И как вспомнила про это новое поколение, жадное до новой жизни, до новых удовольствий, с их этими новыми понятиями о том, как надо, видите ли, танцевать, как одеваться и как вести себя в гостях за чаем, да, и они ведь всегда готовы потешаться над тем, чему так радовались, чем так упивались девушки девяностых, - как вспомнила про это новое поколение, сразу почувствовала уже не укол нежной грусти, а грубый тычок тоски. Да, жить приходится в новом, непонятном мире, докучной, лишней и чужой, в окруженье врагов.

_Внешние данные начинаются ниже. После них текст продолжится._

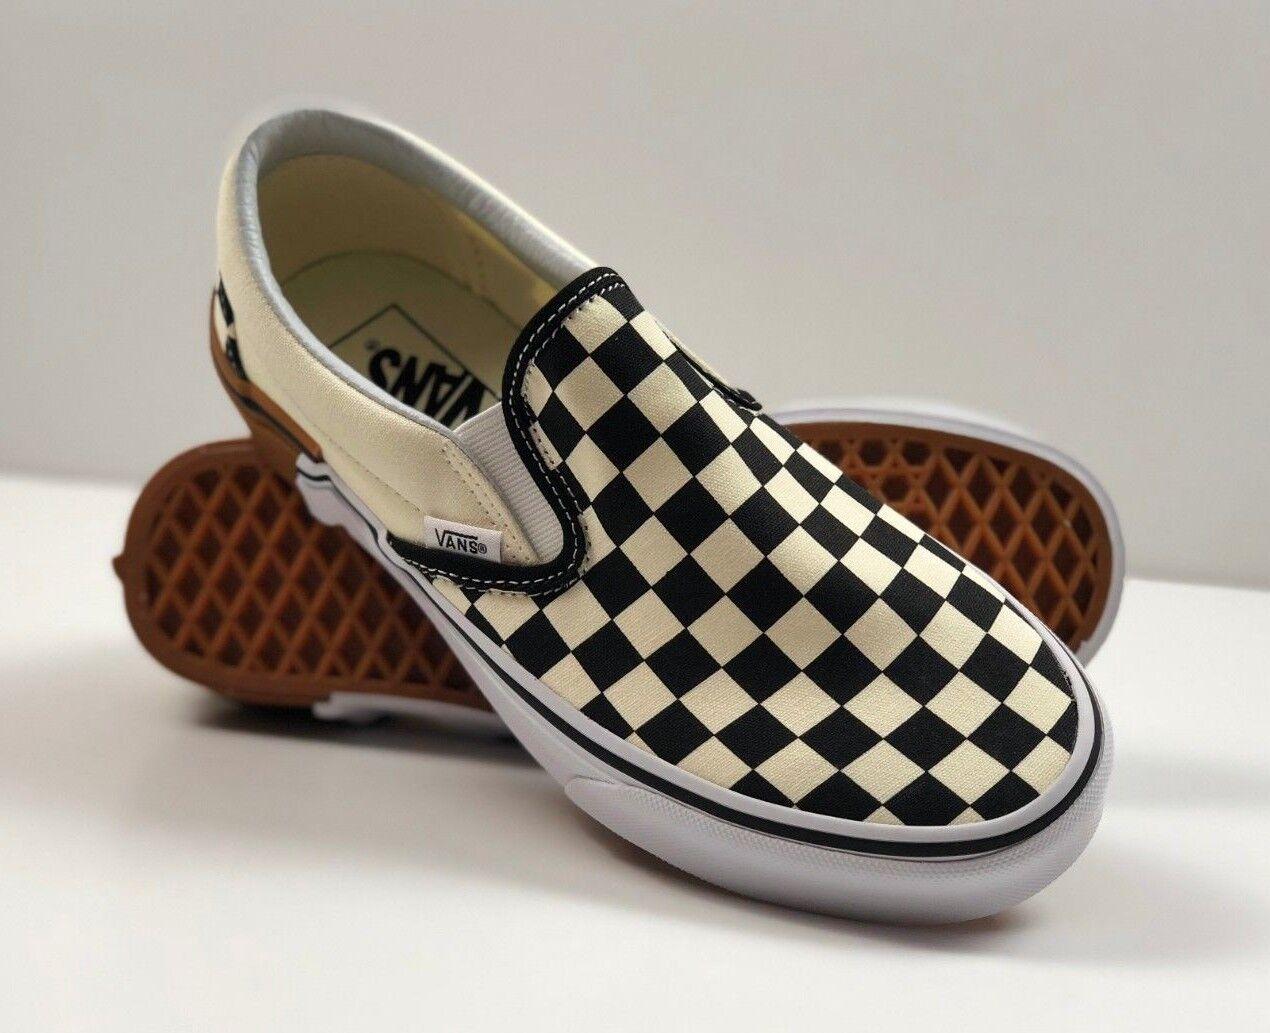 VANS Classic Slip-on Gum Block Checkerboard Black White Sneakers VN0A38F7U58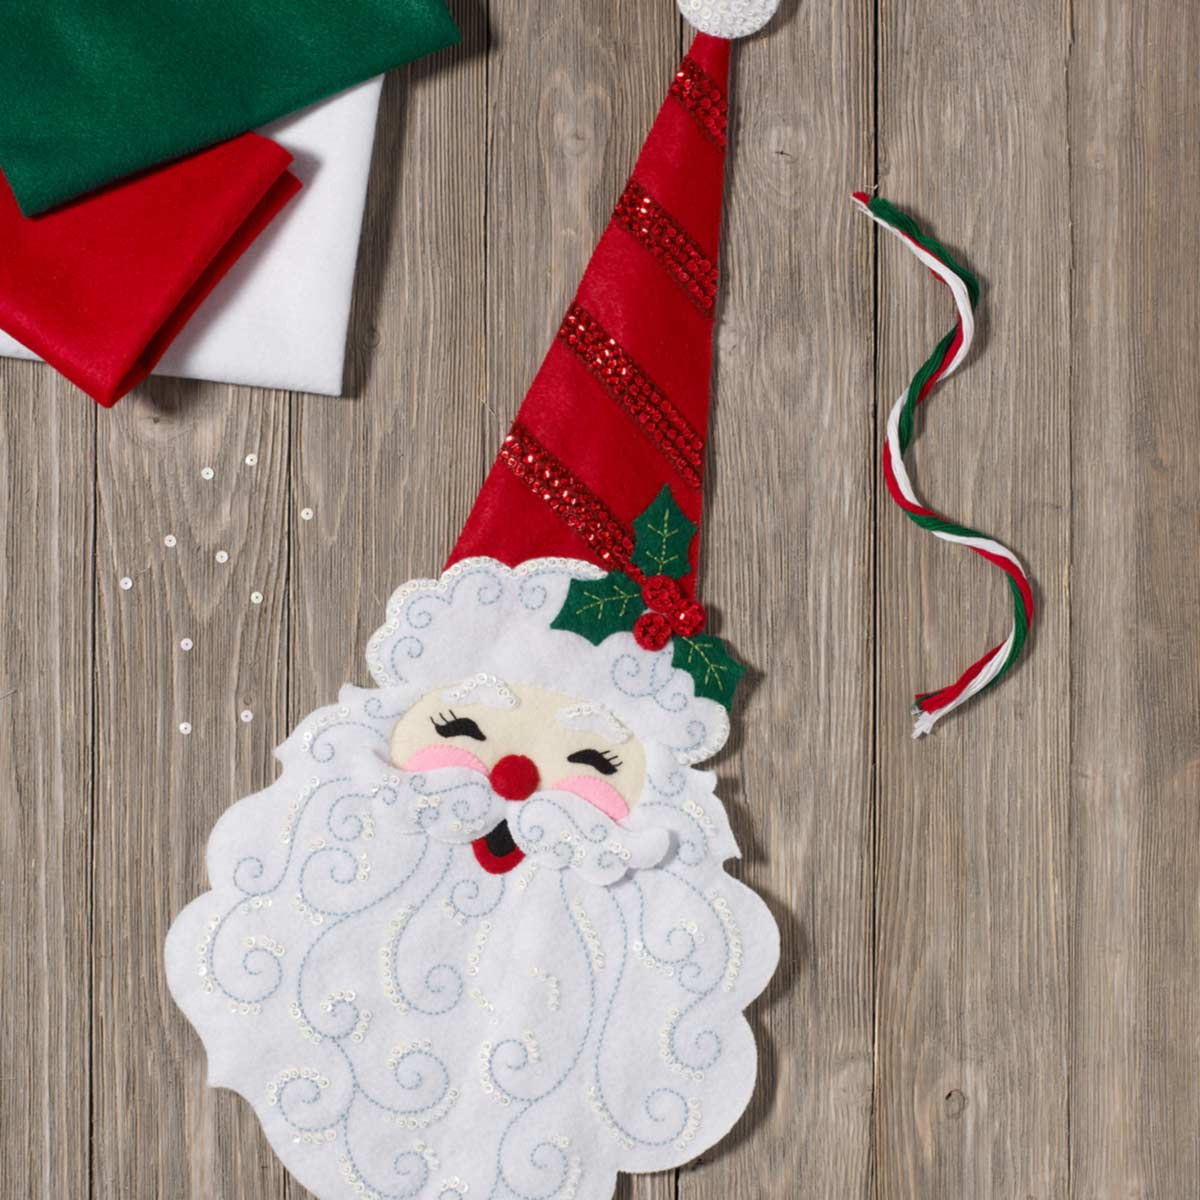 Bucilla ® Seasonal - Felt - Home Decor - Holly Jolly Santa Wall Hanging - 86834

Стара, устарела, сброшена со счетов. Ведь и сама, бывало, в школе подхихикивала с подружками над не первой молодости классной наставницей.
"Постарайтесь жить ради вашего мальчика", - кто-то написал. Милый Эрик, Лили подумала механически. Всегда так о нем думала: "Милый Эрик"; прямо как отдался в ушах произносящий эти два слова собственный голос. Нет, никто, никто ничего никогда не хочет понять. Ну как, ну как я буду жить ради Эрика, если по восемь месяцев в году он далеко, невесть где; у себя в школе? И он такой еще кроха был, когда убили Ричарда. Никогда мы с ним не разделим горя.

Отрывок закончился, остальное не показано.